Сгибания рук на бицепс с собственным весом .
Обычные завитки с использованием ведер, бочонков, пакетов, банок, кувшинов и т. Д.заполнены чем угодно, или полосами.
Сгибания рук на бицепс с отягощением ног (1:21). Вы также можете использовать веревку, цепь, трос и т. Д.
Концентрированные сгибания ног с сопротивлением ногам (0:51). Вы также можете использовать веревку, цепь, трос и т. Д.
Двусторонние сгибания рук на бицепс с отягощением ног (4:55). Не округляйте поясницу! возьмите достаточно длинное полотенце, если нужно, чтобы этого избежать. Вы также можете использовать веревку, цепь, трос и т. Д.
ТРИЦЕПС:
КЛЕЙКИ И КЛЕЙКИ:
[Квадроцикл, уровень 1] Воздушные приседания .Если вы используете его в качестве начального упражнения, просто следуйте инструкциям в видео и не обращайте внимания на следующее. Если вы используете его в качестве легкой вариации, для суперсета или финишера, следуйте этим советам: поддерживайте полностью вертикальный торс, поднимая руки вперед во время спуска, и добейтесь полного растяжения квадрицепсов до точки, где икры и подколенные сухожилия прижимаются друг к другу, при необходимости для этого встаньте на цыпочки (что? святотатство! Да, с нагруженной штангой на спине или если вы очень слабы, то здесь это не проблема).Начните с изометрического сжатия квадрицепсов, затем замедлите темп, сделайте паузу, взорвитесь, зафиксируйте колени, не делайте паузы, не отпускайте сильное сокращение квадрицепсов с самого начала, вернитесь вниз; он будет гореть. Вы можете погрузить лишний вес в рюкзак или за что-то ухватиться руками (сделав присед с кубком).
[Четверное соединение, уровень 2] Обратные выпады .
[четырехуровневый составной уровень 2] Повышение квалификации .Чем выше ступенька, тем лучше. Закончите подход одной ногой, затем перейдите к другой ноге.
[Квадроцикл, уровень 3] Болгарские сплит-приседания . Сделайте медленное контролируемое снижение, погрузитесь глубоко, сделайте паузу на полсекунды, взорвитесь.
[Четвертое соединение, уровень 4] Сисси приседает .
[Квадроцикл, уровень 5] Сисси-приседания с сопротивлением трению .

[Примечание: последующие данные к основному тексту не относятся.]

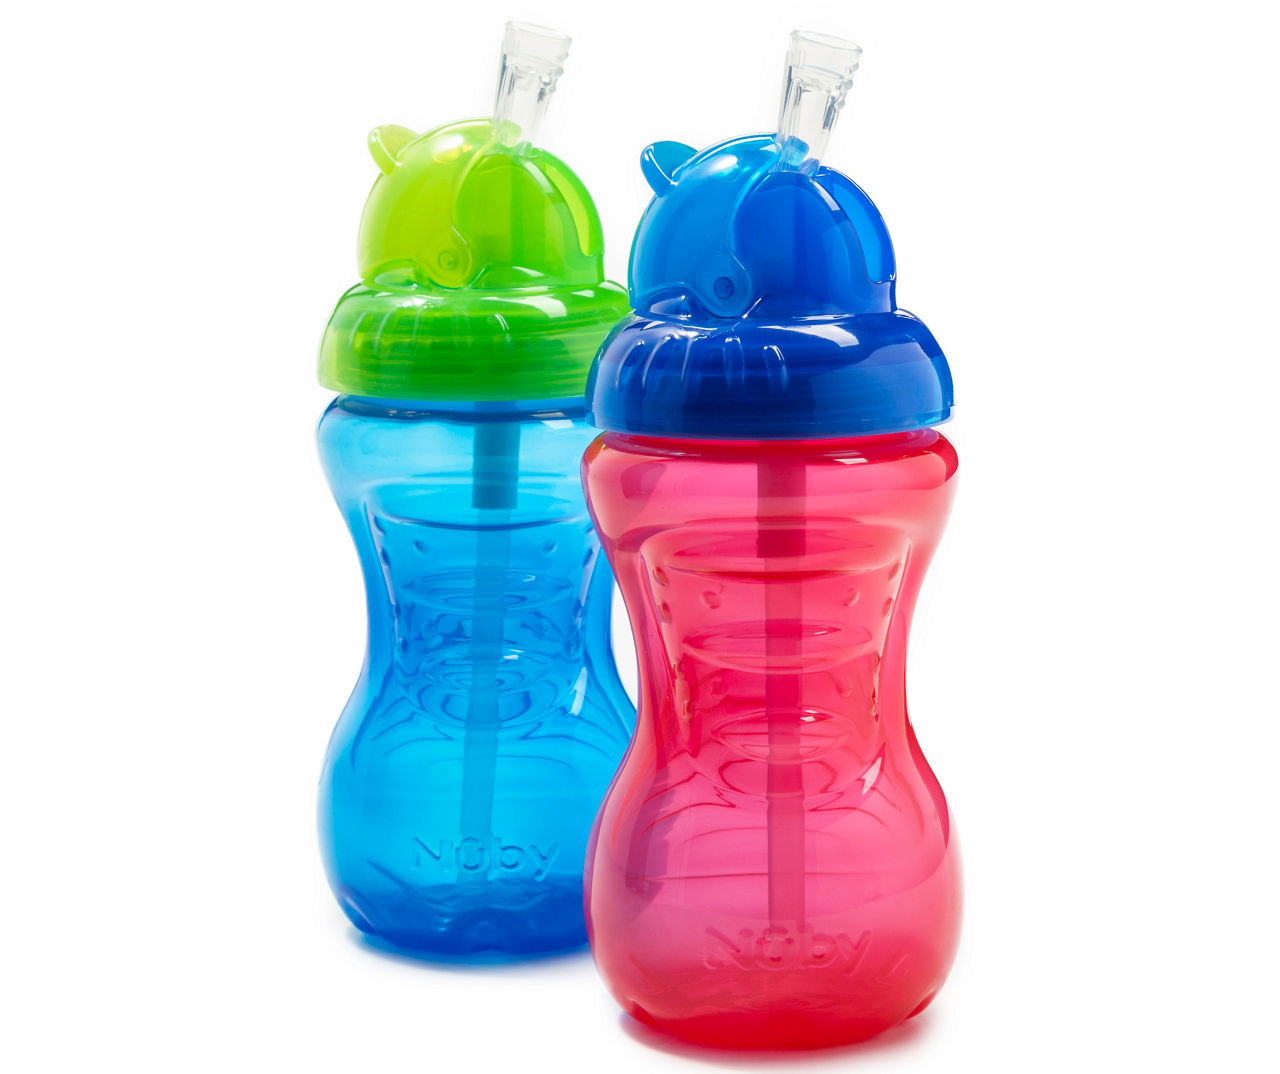 Nuby 2-Pack No-Spill Flip-It Cups, 10 Ounce, Colors May Vary

[Четверное соединение, уровень 6] Приседания с пистолетом .Не позволяйте себе просто упасть, используйте 2 полных секунды негатива. Используйте что-то вроде двух стульев, чтобы держаться за них, если вы находите их слишком сложными или неуравновешенными. Для увеличения сопротивления, помимо естественного способа удержания чего-либо тяжелого или использования ремней, вы также можете довольно легко нагружать их, используя трение о стену.
[Изоляция] Разгибания ног собственного веса . Главное здесь — держать бедра вытянутыми (часть ноги от бедра до колена на одной линии с туловищем) и сгибаться только на уровне колен.Если количество повторений становится слишком большим, делайте их в одностороннем порядке. Натяжение также можно увеличить с помощью лент.
[Изоляция] Ленточные удлинители ног : стоячая версия, сидячая версия, лежачая версия.
НАКЛЕЙКИ И КЛЕЙКИ:
Скольжение подколенного сухожилия на уровне 1 . Обратите внимание, что под ступнями есть скользящий материал, это может быть кусок ткани, бумаги и т. Д.
Уровень сгибания подколенного сухожилия 2 .
Сгибание подколенного сухожилия со сдвигом на уровне 3 .
Сгибание подколенного сухожилия со сдвигом на уровне 4 . Завершите весь подход одной ногой, затем переходите к другой ноге.
Сгибание подколенного сухожилия со сдвигом на уровне 5 .
Сгибание подколенного сухожилия со сдвигом, уровень 6 .
Скандинавские кудри . Это самое тяжелое упражнение на подколенное сухожилие, но в зависимости от того, какую помощь вы используете руками, оно также может быть довольно легким.Вам нужно попросить кого-нибудь о помощи или найти место, где можно заблокировать ноги, для последнего ознакомьтесь с этим замечательным постом с множеством вариантов его настройки.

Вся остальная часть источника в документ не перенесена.